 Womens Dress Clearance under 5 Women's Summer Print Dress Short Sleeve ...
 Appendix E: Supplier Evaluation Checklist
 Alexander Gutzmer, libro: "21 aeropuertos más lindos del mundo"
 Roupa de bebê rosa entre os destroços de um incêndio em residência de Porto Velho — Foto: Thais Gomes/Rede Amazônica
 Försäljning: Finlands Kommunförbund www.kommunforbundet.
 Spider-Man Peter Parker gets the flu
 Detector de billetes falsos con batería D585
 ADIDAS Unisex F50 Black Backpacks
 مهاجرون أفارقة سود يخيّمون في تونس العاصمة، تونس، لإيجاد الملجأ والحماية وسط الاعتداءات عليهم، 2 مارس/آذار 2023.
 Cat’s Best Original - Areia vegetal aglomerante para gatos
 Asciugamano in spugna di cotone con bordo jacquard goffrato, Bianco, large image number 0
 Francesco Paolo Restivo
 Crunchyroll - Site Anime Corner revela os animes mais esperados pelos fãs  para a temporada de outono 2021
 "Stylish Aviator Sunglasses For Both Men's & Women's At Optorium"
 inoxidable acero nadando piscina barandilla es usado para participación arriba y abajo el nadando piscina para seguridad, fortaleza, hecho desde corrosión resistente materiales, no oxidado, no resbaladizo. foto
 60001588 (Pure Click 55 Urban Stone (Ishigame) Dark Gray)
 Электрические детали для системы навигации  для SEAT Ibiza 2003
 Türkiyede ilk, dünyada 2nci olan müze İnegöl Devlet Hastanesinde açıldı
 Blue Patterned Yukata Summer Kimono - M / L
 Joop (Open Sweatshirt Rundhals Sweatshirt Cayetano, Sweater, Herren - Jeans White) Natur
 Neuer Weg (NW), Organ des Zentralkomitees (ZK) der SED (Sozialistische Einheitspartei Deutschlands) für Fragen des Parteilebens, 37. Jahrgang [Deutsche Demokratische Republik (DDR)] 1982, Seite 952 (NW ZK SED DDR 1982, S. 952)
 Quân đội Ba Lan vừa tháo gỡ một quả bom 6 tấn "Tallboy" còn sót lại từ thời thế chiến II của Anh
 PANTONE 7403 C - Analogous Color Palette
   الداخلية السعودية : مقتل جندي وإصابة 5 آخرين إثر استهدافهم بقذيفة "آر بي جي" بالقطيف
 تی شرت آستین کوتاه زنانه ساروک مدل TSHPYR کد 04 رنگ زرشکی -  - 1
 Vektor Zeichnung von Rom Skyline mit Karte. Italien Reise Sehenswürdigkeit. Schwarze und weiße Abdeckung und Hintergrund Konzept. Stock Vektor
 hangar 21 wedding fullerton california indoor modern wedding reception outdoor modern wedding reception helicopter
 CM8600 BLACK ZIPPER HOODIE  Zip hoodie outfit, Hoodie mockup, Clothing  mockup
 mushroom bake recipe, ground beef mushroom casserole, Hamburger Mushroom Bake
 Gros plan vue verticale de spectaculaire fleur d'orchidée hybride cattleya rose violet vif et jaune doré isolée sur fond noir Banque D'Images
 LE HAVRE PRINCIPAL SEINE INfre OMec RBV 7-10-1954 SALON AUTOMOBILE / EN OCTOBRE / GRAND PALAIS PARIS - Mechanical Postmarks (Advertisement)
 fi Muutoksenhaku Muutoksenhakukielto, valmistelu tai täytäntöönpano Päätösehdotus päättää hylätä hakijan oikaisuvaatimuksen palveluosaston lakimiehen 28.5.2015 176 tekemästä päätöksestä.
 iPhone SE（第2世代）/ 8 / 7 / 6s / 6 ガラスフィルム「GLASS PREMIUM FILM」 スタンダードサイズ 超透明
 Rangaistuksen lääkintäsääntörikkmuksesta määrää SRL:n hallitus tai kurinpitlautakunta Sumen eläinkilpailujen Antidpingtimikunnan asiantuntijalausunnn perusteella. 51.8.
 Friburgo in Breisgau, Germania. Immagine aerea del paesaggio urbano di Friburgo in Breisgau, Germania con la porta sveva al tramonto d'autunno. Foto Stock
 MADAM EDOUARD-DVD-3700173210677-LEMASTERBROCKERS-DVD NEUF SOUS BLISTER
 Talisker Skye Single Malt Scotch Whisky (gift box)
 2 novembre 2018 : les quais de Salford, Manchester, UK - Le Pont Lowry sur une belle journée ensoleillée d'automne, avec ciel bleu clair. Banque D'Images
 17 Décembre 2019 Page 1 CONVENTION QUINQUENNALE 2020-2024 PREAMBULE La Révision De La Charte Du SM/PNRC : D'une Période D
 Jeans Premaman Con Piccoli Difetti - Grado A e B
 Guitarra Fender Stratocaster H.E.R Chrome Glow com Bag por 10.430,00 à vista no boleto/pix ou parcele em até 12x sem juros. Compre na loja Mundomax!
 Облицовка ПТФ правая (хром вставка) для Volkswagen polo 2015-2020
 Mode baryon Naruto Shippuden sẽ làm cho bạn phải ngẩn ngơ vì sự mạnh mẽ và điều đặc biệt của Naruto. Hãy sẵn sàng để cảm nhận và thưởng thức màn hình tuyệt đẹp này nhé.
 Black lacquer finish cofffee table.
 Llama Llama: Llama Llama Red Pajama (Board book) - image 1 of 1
* * * * * * * * *
**WHAT YOU HAVE TO DO**.
Check each line of the data for "para". Copy the lines where it turns up.

**FINISHED TASK**.
 Cat’s Best Original - Areia vegetal aglomerante para gatos
 Crunchyroll - Site Anime Corner revela os animes mais esperados pelos fãs  para a temporada de outono 2021
 inoxidable acero nadando piscina barandilla es usado para participación arriba y abajo el nadando piscina para seguridad, fortaleza, hecho desde corrosión resistente materiales, no oxidado, no resbaladizo. foto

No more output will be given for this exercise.